Durante a noite em Washington, Kandahar e Ghazni estavam caindo. Autoridades de segurança nacional foram acordadas já às 4 da manhã de 12 de agosto e orientadas a se reunir para uma reunião urgente algumas horas depois para fornecer opções ao presidente. Depois de montada, Avril Haines, diretora de inteligência nacional, disse ao grupo que as agências de inteligência não podiam mais garantir que forneceriam avisos suficientes se a capital estivesse prestes a ser sitiada.

Todos se entreolharam, disse um participante, e chegaram à mesma conclusão: era hora de sair. Uma hora depois, Jake Sullivan, conselheiro de segurança nacional de Biden, entrou no Salão Oval para entregar o consenso unânime do grupo para iniciar uma evacuação e enviar 3.000 fuzileiros navais e soldados do Exército para o aeroporto.

Em 14 de agosto, Biden estava em Camp David para o que esperava ser o início de umas férias de 10 dias. Em vez disso, ele passou grande parte do dia em terríveis videoconferências com seus principais assessores.

Em uma das ligações, Austin pediu que todo o pessoal remanescente na embaixada de Cabul fosse transferido imediatamente para o aeroporto.

Foi uma reviravolta surpreendente em relação ao que Ned Price, o porta-voz do Departamento de Estado, havia dito dois dias antes: A embaixada permanece aberta e planejamos continuar nosso trabalho diplomático no Afeganistão. Ross Wilson, embaixador interino dos EUA no Afeganistão e que estava na ligação, disse que a equipe ainda precisava de 72 horas para sair.

Você tem que se mover agora, Austin respondeu.

Blinken falou por telefone com Ghani no mesmo dia. O presidente afegão foi desafiador, de acordo com uma autoridade familiarizada com a conversa, e insistiu que defenderia o Afeganistão até o fim. Ele não disse a Blinken que já estava planejando fugir de seu país, o que as autoridades americanas aprenderam lendo reportagens.

Mais tarde naquele dia, a Embaixada dos EUA no Afeganistão enviou uma mensagem dizendo que pagaria para os cidadãos americanos saírem do país, mas alertou que, embora houvesse relatos de que voos comerciais internacionais ainda operavam de Cabul, os assentos podem não estar disponíveis.

Em 15 de agosto, Ghani se foi.
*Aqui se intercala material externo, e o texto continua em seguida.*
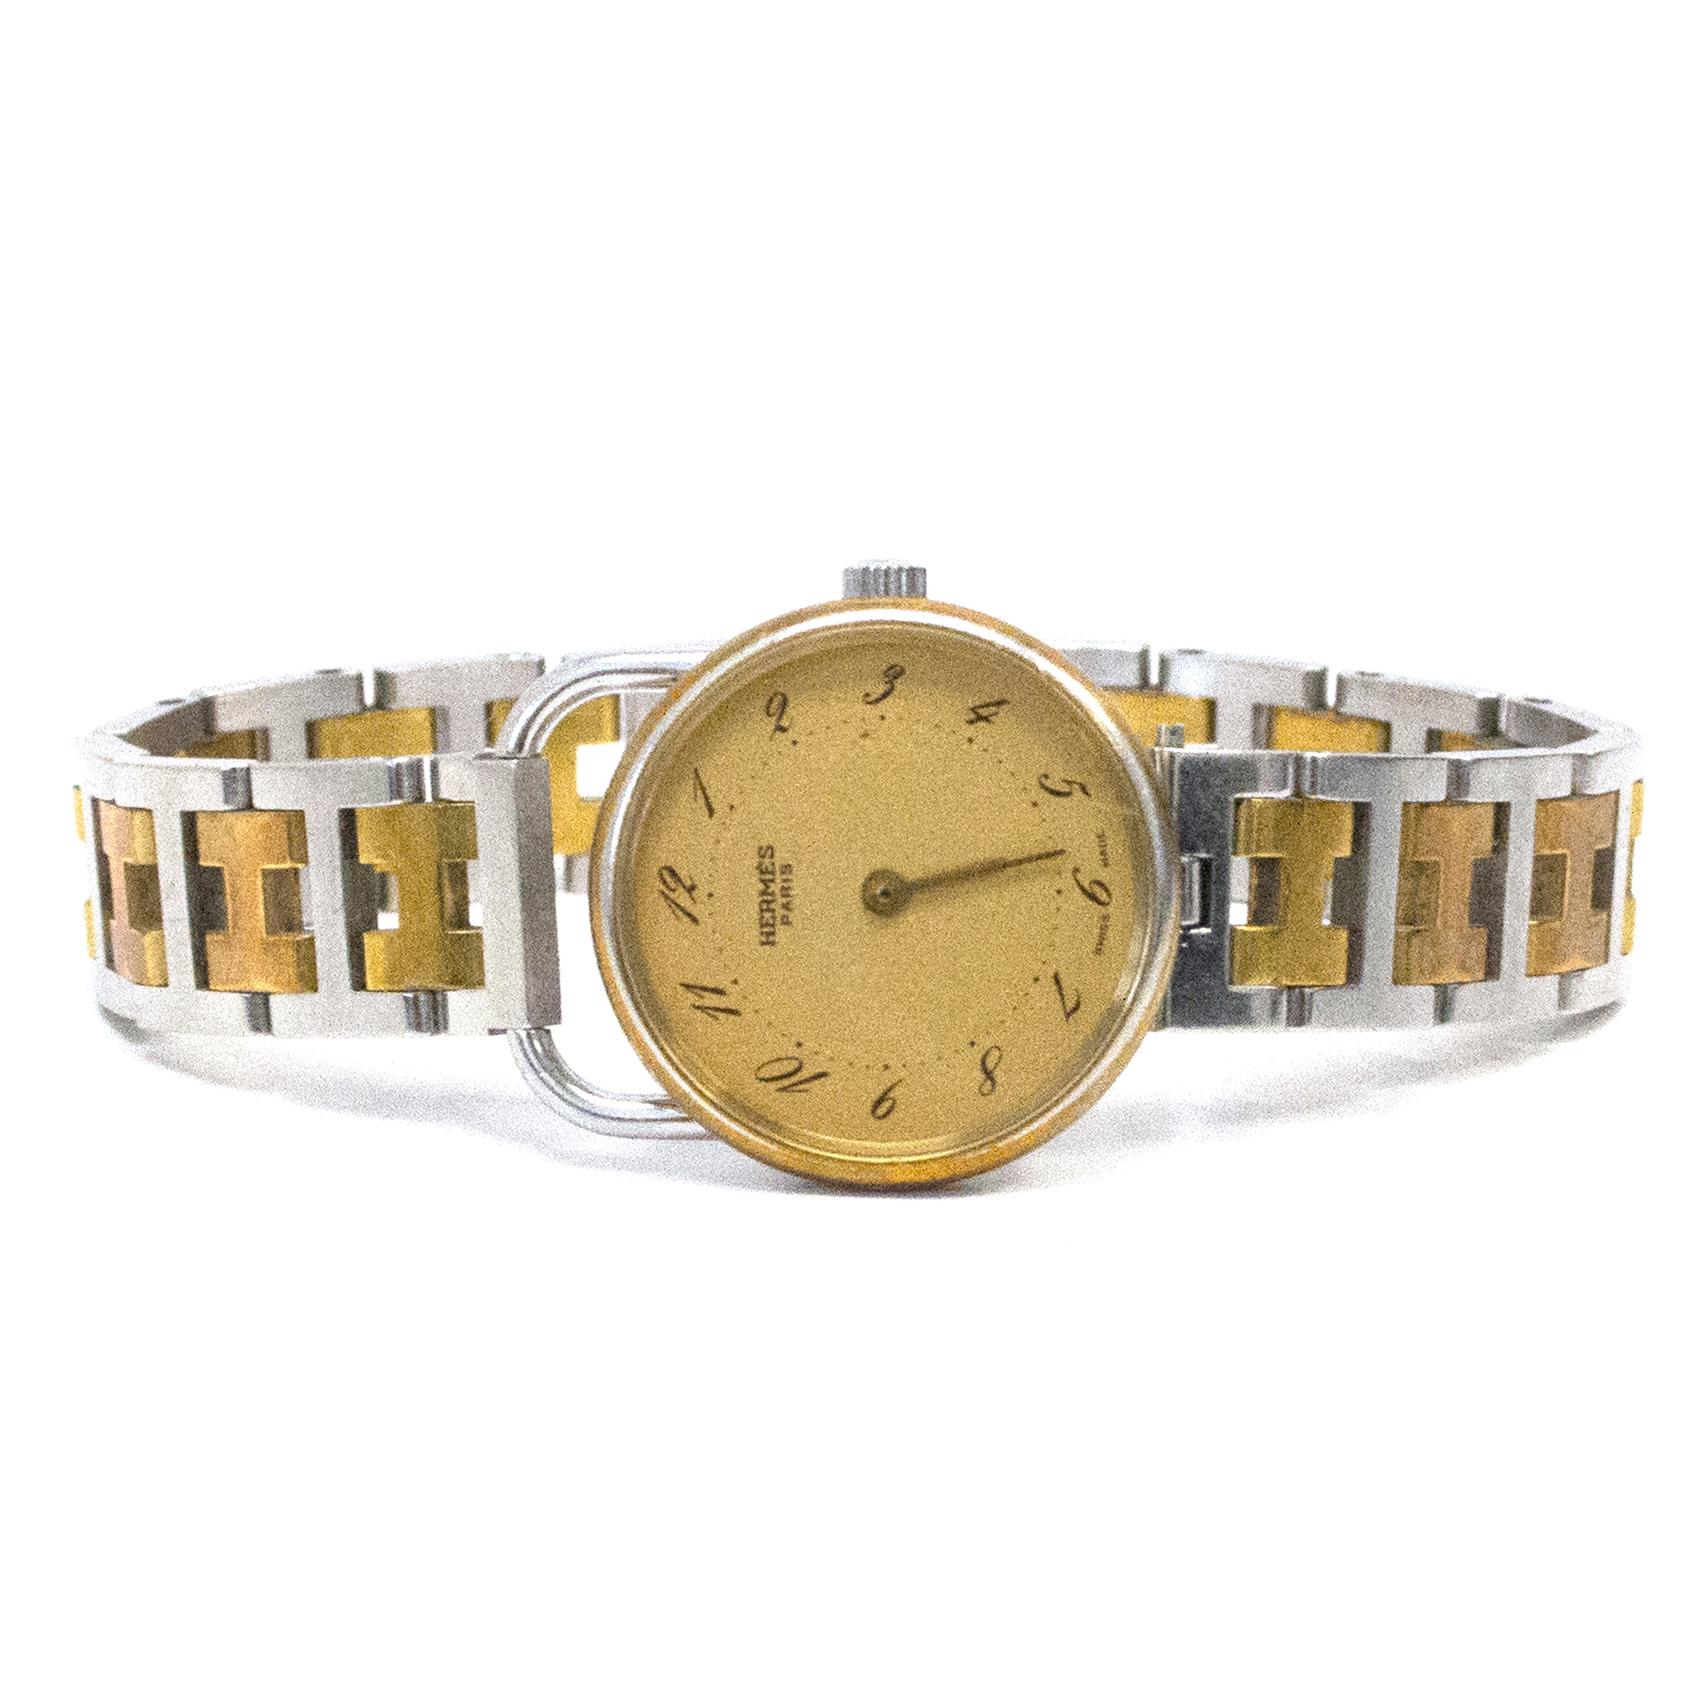 db1af31ab2f Hermes Vintage Gold And Metal Watch

Sua partida - ele acabaria aparecendo dias depois nos Emirados Árabes Unidos - e cenas do Taleban celebrando em seu palácio presidencial documentaram o colapso do governo.

Muitos americanos e afegãos não conseguiram chegar ao aeroporto porque os combatentes do Taleban montaram postos de controle nas estradas da cidade e espancaram algumas pessoas, deixando altos funcionários do FBI preocupados com a possibilidade de o Taleban ou gangues de criminosos sequestrarem americanos, um pesadelo para os militares americanos não está mais no país.

Enquanto Biden fazia planos na noite de 15 de agosto para falar aos americanos no dia seguinte sobre a situação, a bandeira americana foi hasteada sobre a embaixada abandonada. A Zona Verde, que já foi o coração do esforço americano para reconstruir o país, voltou a ser território do Taleban.